Des dizaines de députés du parti présidentiel ukrainien hésitent à rétablir l’indépendance des agences anticorruption, craignant d’en devenir les cibles, selon le Financial Times. Ce blocage menace un vote crucial prévu fin juillet, au cœur d’une crise politique majeure pour Volodymyr Zelensky.

Un climat d’inquiétude s’installe au sein du parti présidentiel ukrainien alors que le Parlement s’apprête à examiner un nouveau projet de loi visant à rétablir l’indépendance des principales institutions de lutte contre la corruption, rapporte le Financial Times. Le quotidien britannique indique qu’environ 70 députés du parti « Serviteur du peuple », majoritaire à la Rada, hésitent à soutenir ce texte, redoutant de potentielles représailles judiciaires.

Ce projet fait suite à l’adoption, en début de semaine, d’une loi controversée qui a placé les agences anticorruption sous l’autorité du procureur général, lui-même nommé par le président. Cette décision a provoqué un tollé de la part des alliés occidentaux de l’Ukraine ainsi que d’organisations de la société civile, qui y voient un recul démocratique préoccupant.

Toujours selon le Financial Times, la tension est considérablement montée après qu’un responsable de haut rang au sein du bureau du procureur dédié à la lutte contre la corruption a annoncé que son service allait minutieusement retracer les circonstances ayant entouré l’élaboration ainsi que le vote de la loi initiale. Cette déclaration a suscité des craintes parmi les parlementaires, qui redoutent de devenir la cible d’enquêtes pénales.

Face à ces préoccupations, certains députés songeraient même à renoncer à leur mandat plutôt que de devoir se prononcer publiquement. D’autres misent sur une absence stratégique lors du vote pour faire échouer le quorum.

Prévu pour le 31 juillet, le vote du nouveau texte pourrait ainsi être reporté ou organisé dans des conditions défavorables à son adoption. La majorité absolue requise est de 226 voix, un seuil théoriquement atteignable mais fragilisé par les divisions internes.

En toile de fond, plusieurs enquêtes en cours visant des parlementaires alimentent les suspicions. Le rétablissement de l’indépendance du Bureau national anticorruption ukrainien (NABU) et du Parquet spécial indépendant ukrainien (SAP) apparaît à certains comme une menace directe, malgré les assurances des responsables de ces institutions quant à leur impartialité, selon le journal britannique.

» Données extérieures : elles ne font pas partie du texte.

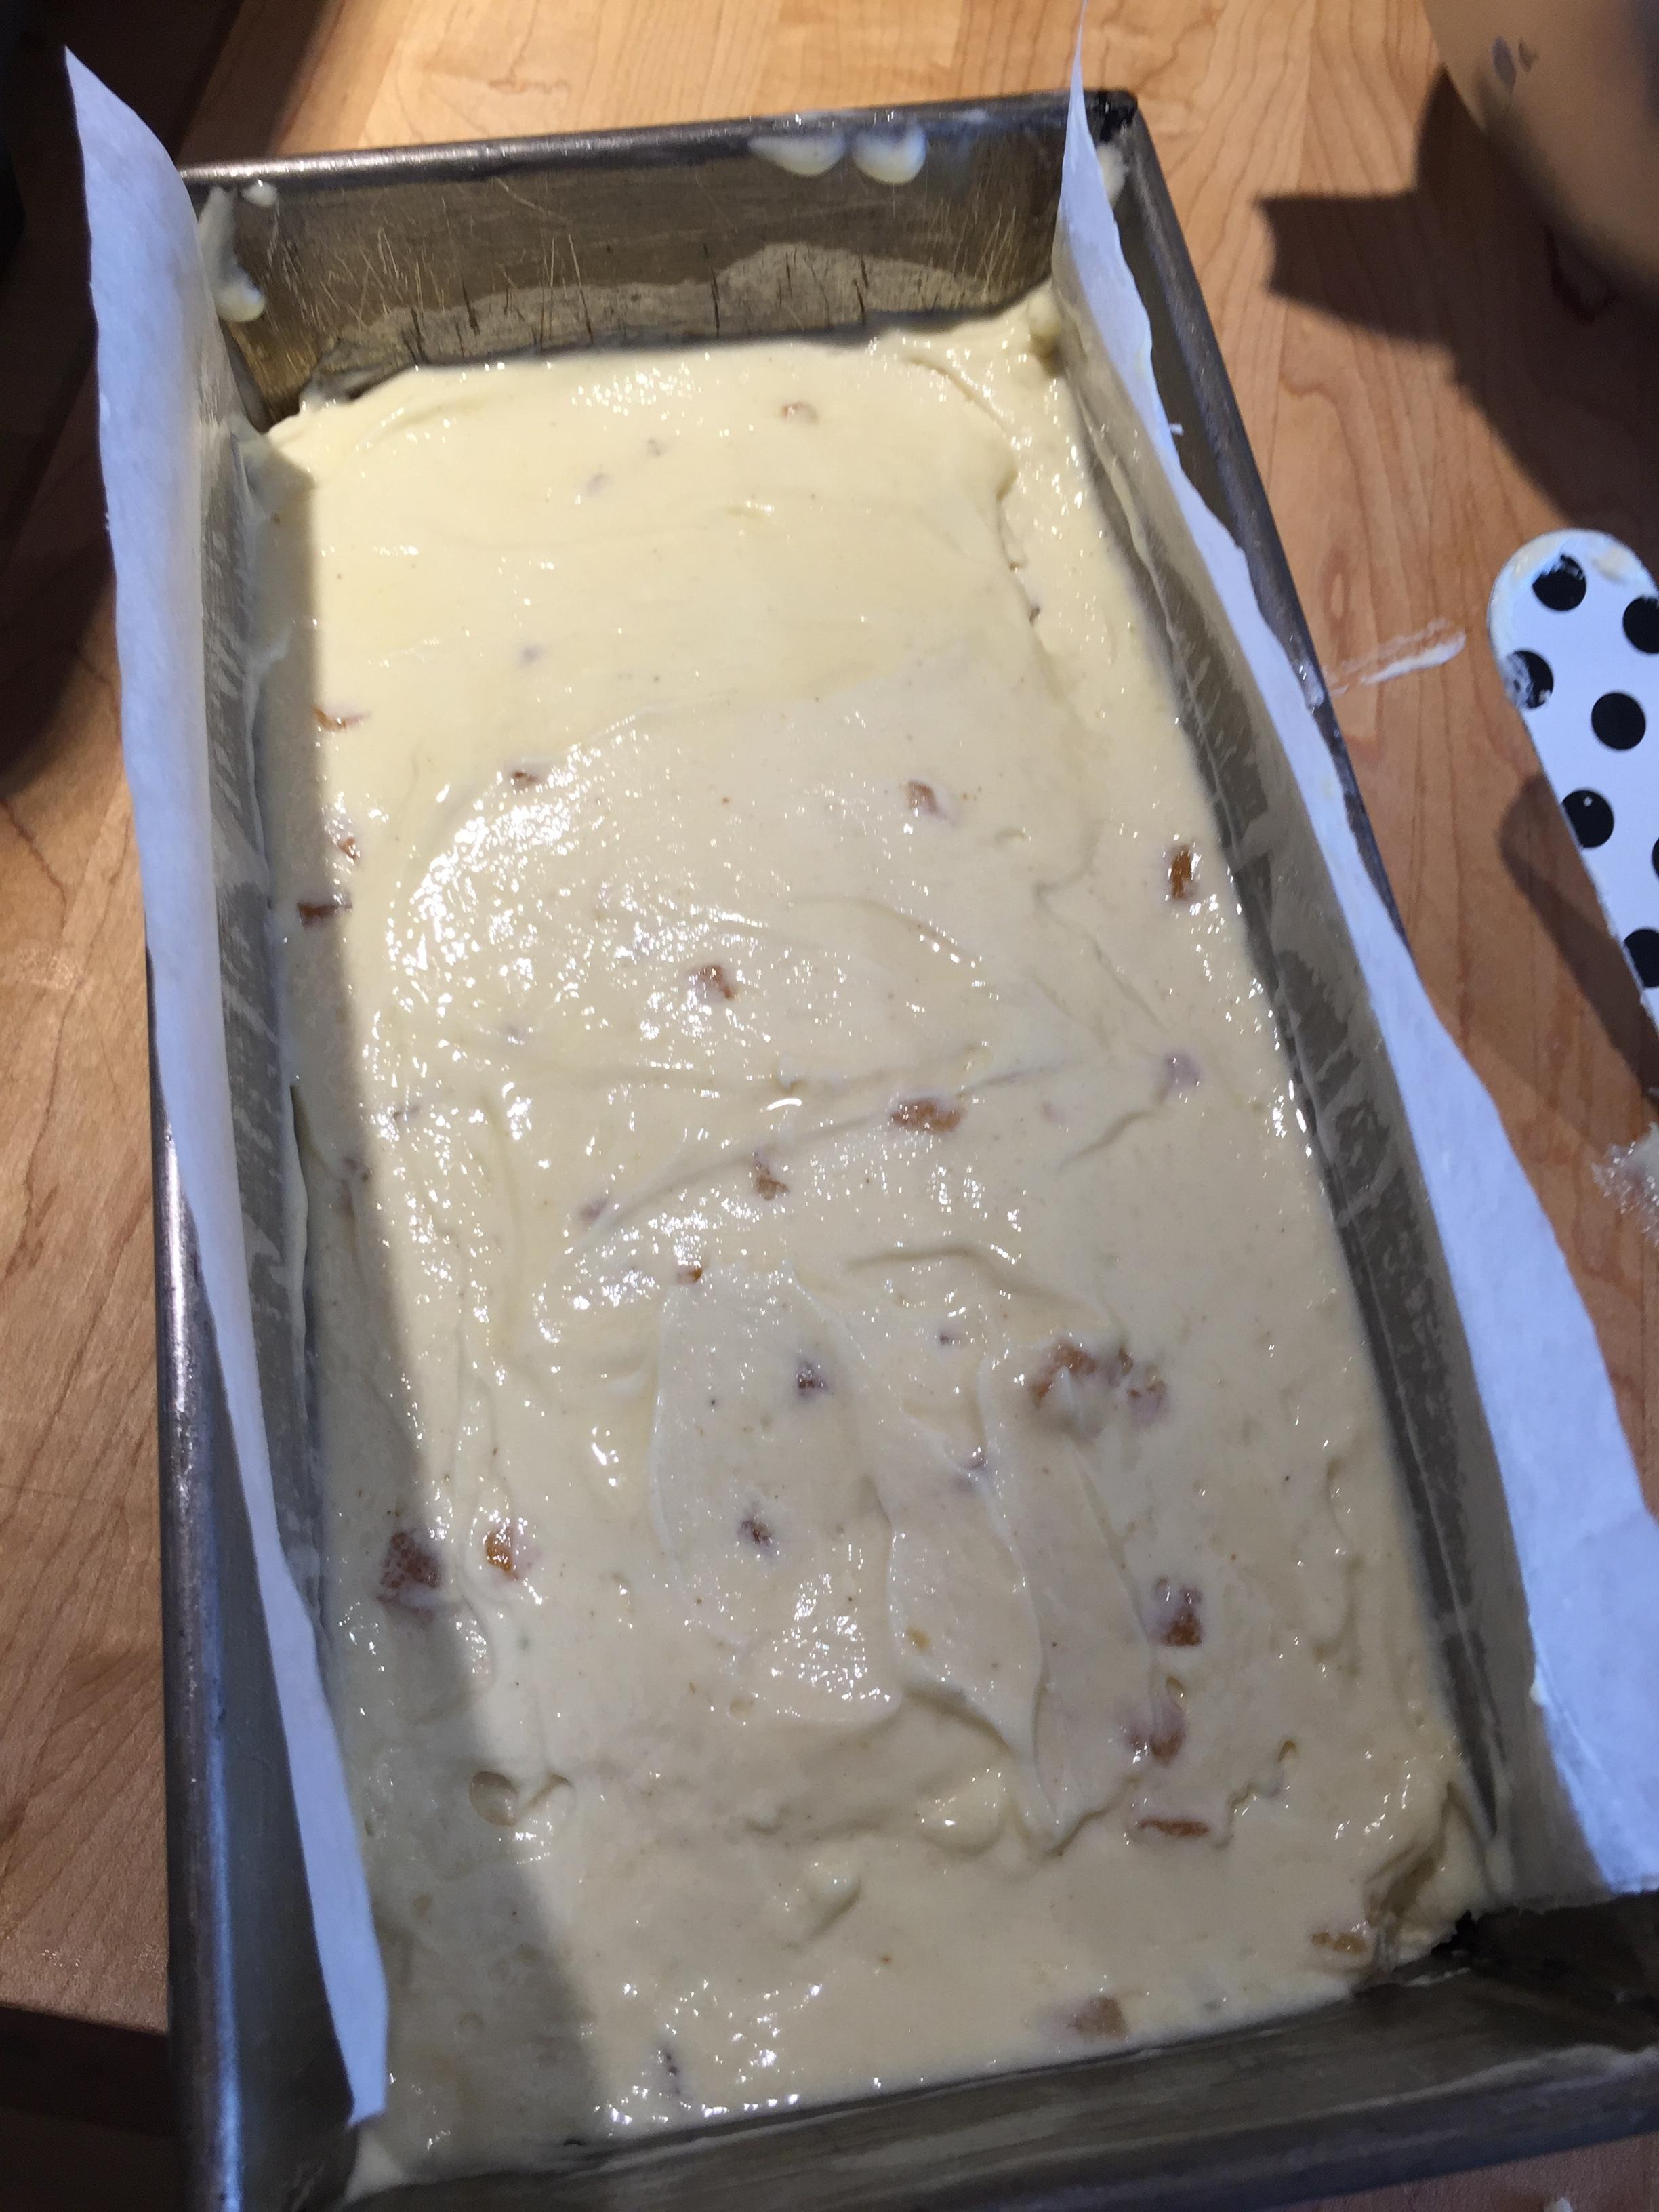 Batter in pan - ready to bake

Tentative de rétropédalage insuffisante

Après avoir été critiqué par leurs alliés occidentaux et subi des manifestations massives en Ukraine même, le 25 juillet, Volodymyr Zelensky a présenté à la Rada un nouveau projet de loi visant, selon ses propres termes, à offrir « de véritables garanties d’indépendance aux organes de lutte contre la corruption ». Le nouveau projet annule les précédentes dispositions : il interdit au procureur général et à ses adjoints de donner des ordres aux procureurs du SAP et précise que ces derniers ne répondent qu’à leur hiérarchie directe. Quant aux détectives du NABU, il leur est interdit de recevoir des instructions du procureur général.

Malgré ce revirement législatif, les tensions restent vives en Ukraine. Depuis quelques jours, des manifestations se poursuivent dans les grandes villes. Les protestataires exigent l’abrogation complète du texte ainsi que les démissions d’Andriy Yermak, chef du bureau présidentiel, ainsi que de Ioulia Sviridenko, proche alliée récemment nommée Première ministre. Les organisateurs prévoient de publier prochainement des dossiers de corruption sensibles, impliquant l’entourage présidentiel, qui auraient été traités par le NABU.

En outre, d'après le Telegraph, Volodymyr Zelensky, longtemps perçu par l’Occident comme une figure clé d’unité nationale, est désormais accusé de dérives autoritaires et de tentatives de sabotage des agences anticorruption. Face à la colère populaire et aux avertissements européens, sa légitimité s’effrite, et de plus en plus de voix appellent à son remplacement. « Zelensky ne fait plus partie de la solution pour l’Ukraine, il fait partie du problème », indique le média britannique.